União deve indenizar servidor atacado por cães em fiscalização

A cessão de um servidor não rompe sua relação funcional com o órgão de origem. Assim, a instituição que cedeu o funcionário pode figurar no polo passivo da ação de reparação decorrente de acidente de trabalho.

cão de guarda portãoMagnific
Atividade do servidor público exige ingresso em residências particulares

Com esse entendimento, a 2ª Turma do Tribunal Regional Federal da 1ª Região manteve a condenação da União para indenizar por danos materiais e morais um servidor público que foi atacado por cães de guarda durante o exercício de suas atribuições em fiscalização sanitária residencial, sofrendo amputação do dedo da mão.

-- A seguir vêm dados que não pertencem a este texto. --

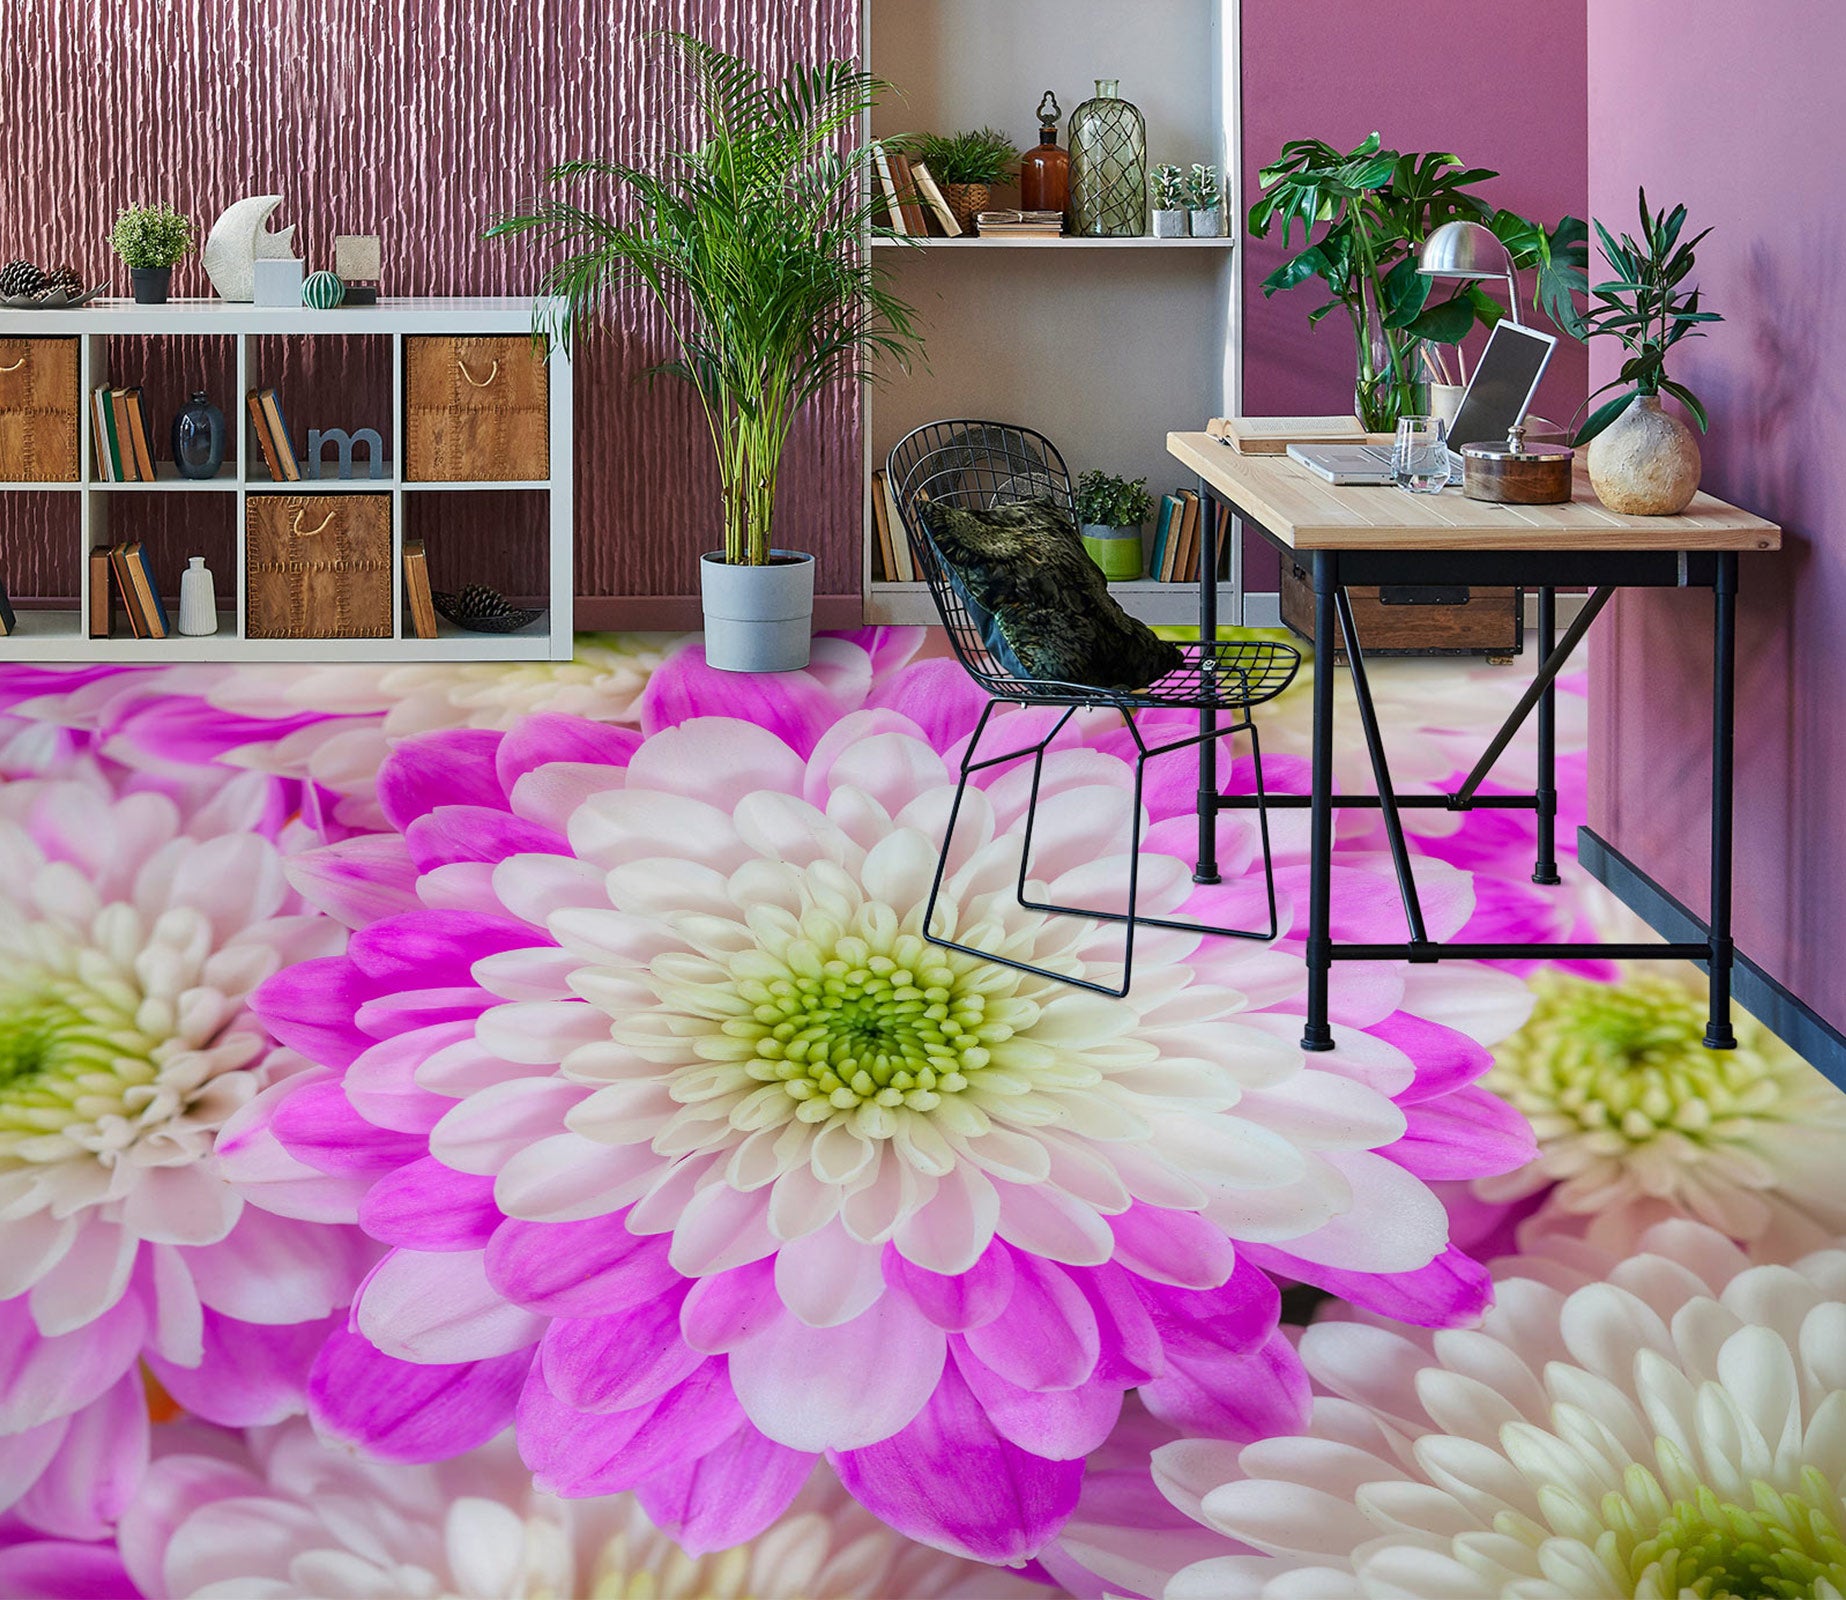 3D White Purple Chrysanthemum 9866 Assaf Frank Floor Mural  Wallpaper Murals Self-Adhesive Removable Print Epoxy

A Fundação Nacional de Saúde (Funasa) apelou da sentença da 2ª Vara Federal da Subseção Judiciária de Imperatriz (MA), que condenou a ré ao pagamento de R$ 15 mil por danos morais e de R$ 10 mil por danos estéticos, com incidência de correção monetária e juros. 

O juízo concluiu que o servidor estava cedido ao estado do Maranhão, a quem caberia zelar por suas condições de trabalho, e que o evento decorreu por culpa exclusiva de terceiro, o dono dos animais.

Ao analisar o caso, porém, o relator, desembargador federal João Luiz de Sousa, observou que o vínculo do autor permaneceu com a Funasa.

Acidente de serviço

Segundo o magistrado, o evento se qualifica como acidente de serviço “atrelado ao risco da atividade desempenhada”. O servidor exercia a função de agente no Programa de Monitoramento de Leishmaniose, trabalho que exige o ingresso em residências particulares.

“Ao ingressar no imóvel para o cumprimento de seu dever legal, a exposição a cães de guarda configura um fortuito interno, intimamente ligado aos riscos da atividade de fiscalização sanitária”, destacou o desembargador.

Assim, o relator deu parcial provimento ao recurso de apelação, acompanhando o voto do relator.

A decisão ressaltou que, na fixação do valor da indenização, devem ser observados os princípios da razoabilidade e da proporcionalidade, considerando-se a extensão do dano, a gravidade da lesão — que resultou na amputação de uma falange do dedo do servidor —, a capacidade econômica das partes e o caráter pedagógico e compensatório da medida, sem que isso configure enriquecimento sem causa da vítima.

 O colegiado reduziu o valor da indenização por danos morais para R$ 5 mil e a reparação por danos estéticos para R$ 5 mil, determinando a incidência dos juros de mora desde o evento danoso (15/10/2008) e da correção monetária desde a prolação da sentença. Com informações da assessoria de imprensa do TRF-1.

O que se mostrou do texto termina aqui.